Repeat the data word for word. Do not include the pictures.

# RECORDED INFORMATION
=====
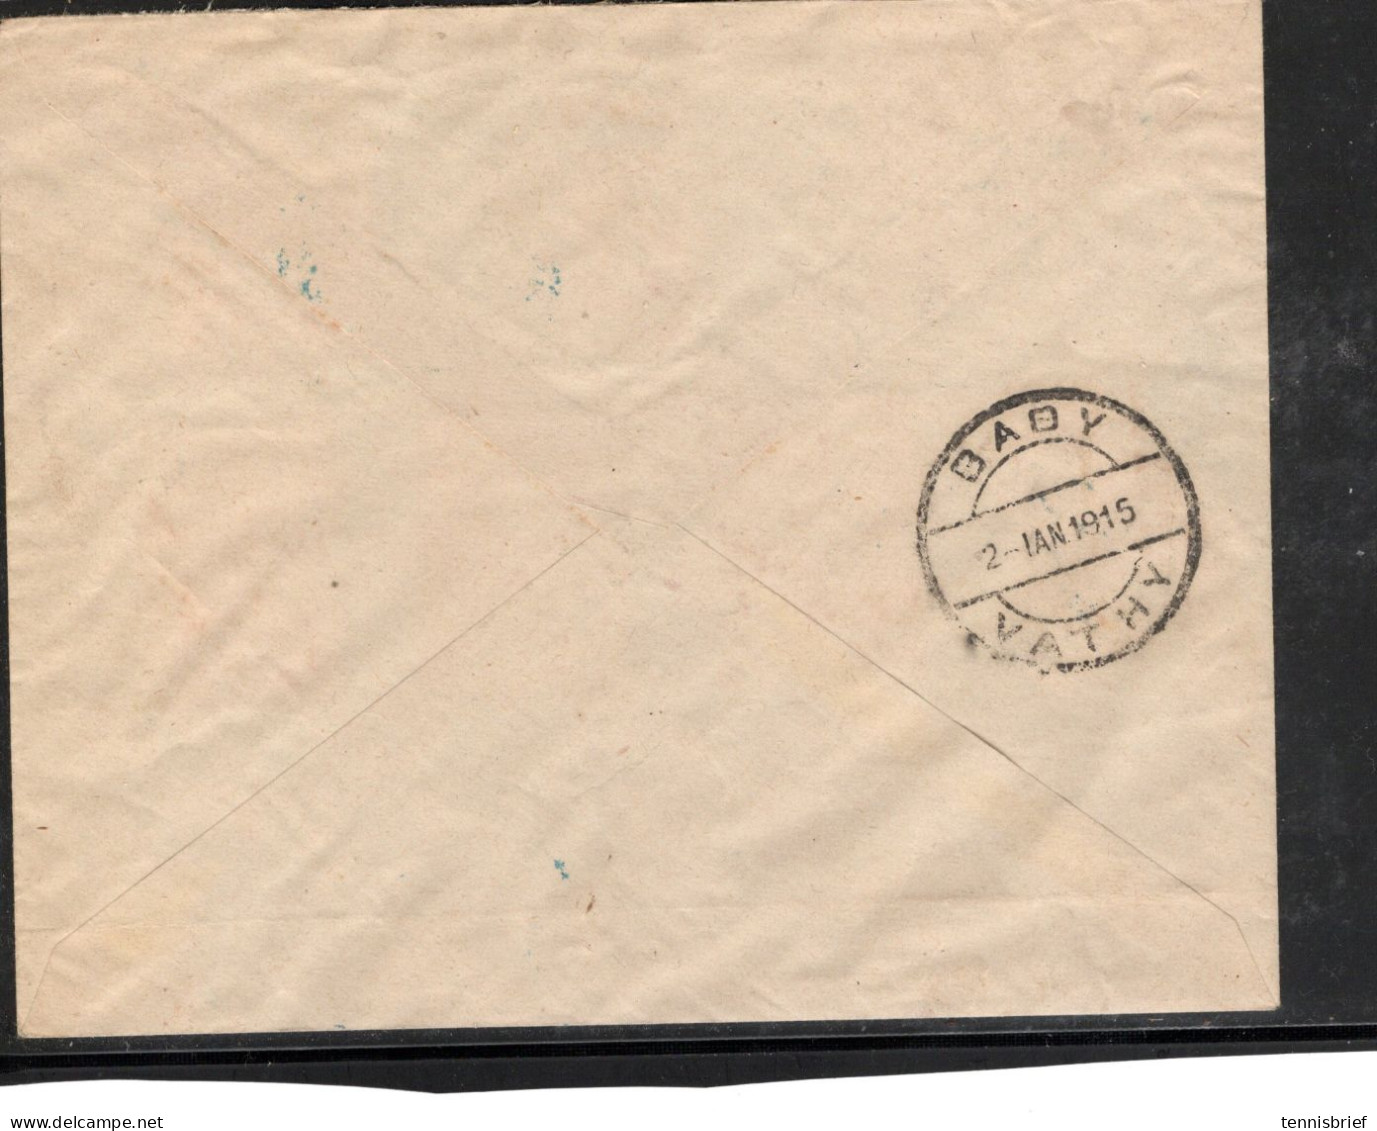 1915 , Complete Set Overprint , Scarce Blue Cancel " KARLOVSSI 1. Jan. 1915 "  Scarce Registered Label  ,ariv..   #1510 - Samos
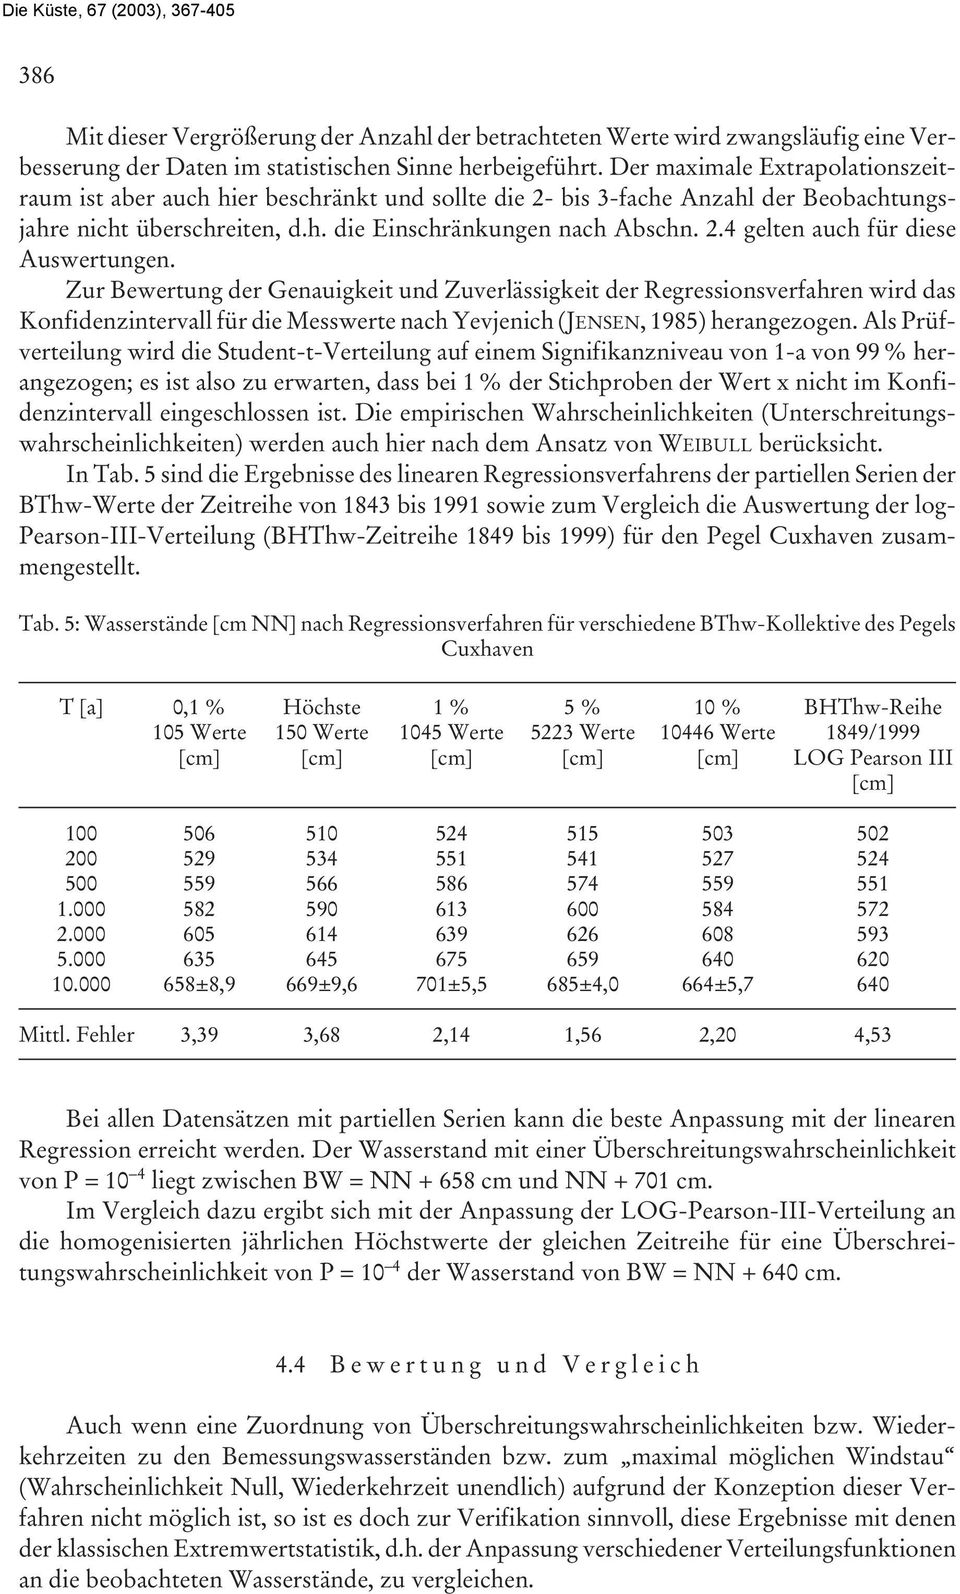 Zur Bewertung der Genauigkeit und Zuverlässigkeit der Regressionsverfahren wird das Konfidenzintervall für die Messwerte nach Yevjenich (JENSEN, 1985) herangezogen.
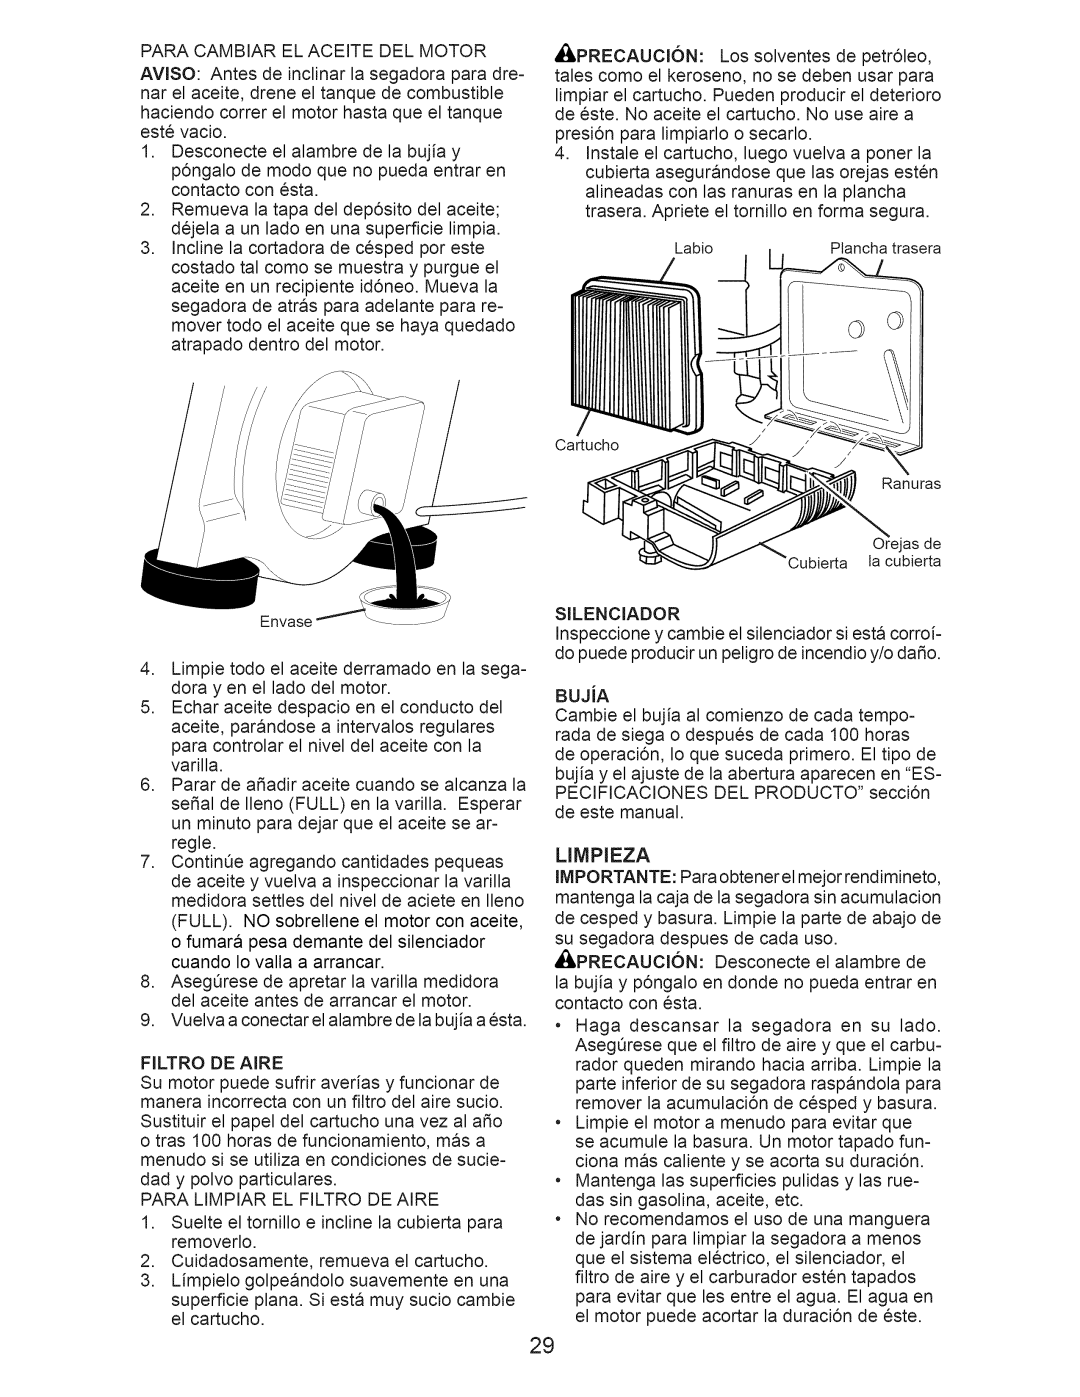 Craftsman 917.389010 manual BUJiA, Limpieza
=====
# REPLY
 1915 , Complete Set Overprint , Scarce Blue Cancel " KARLOVSSI 1. Jan. 1915 "  Scarce Registered Label  ,ariv..   #1510 - Samos
 Zur Bewertung der Genauigkeit und Zuverlässigkeit der Regressionsverfahren wird das Konfidenzintervall für die Messwerte nach Yevjenich (JENSEN, 1985) herangezogen.
 Craftsman 917.389010 manual BUJiA, Limpieza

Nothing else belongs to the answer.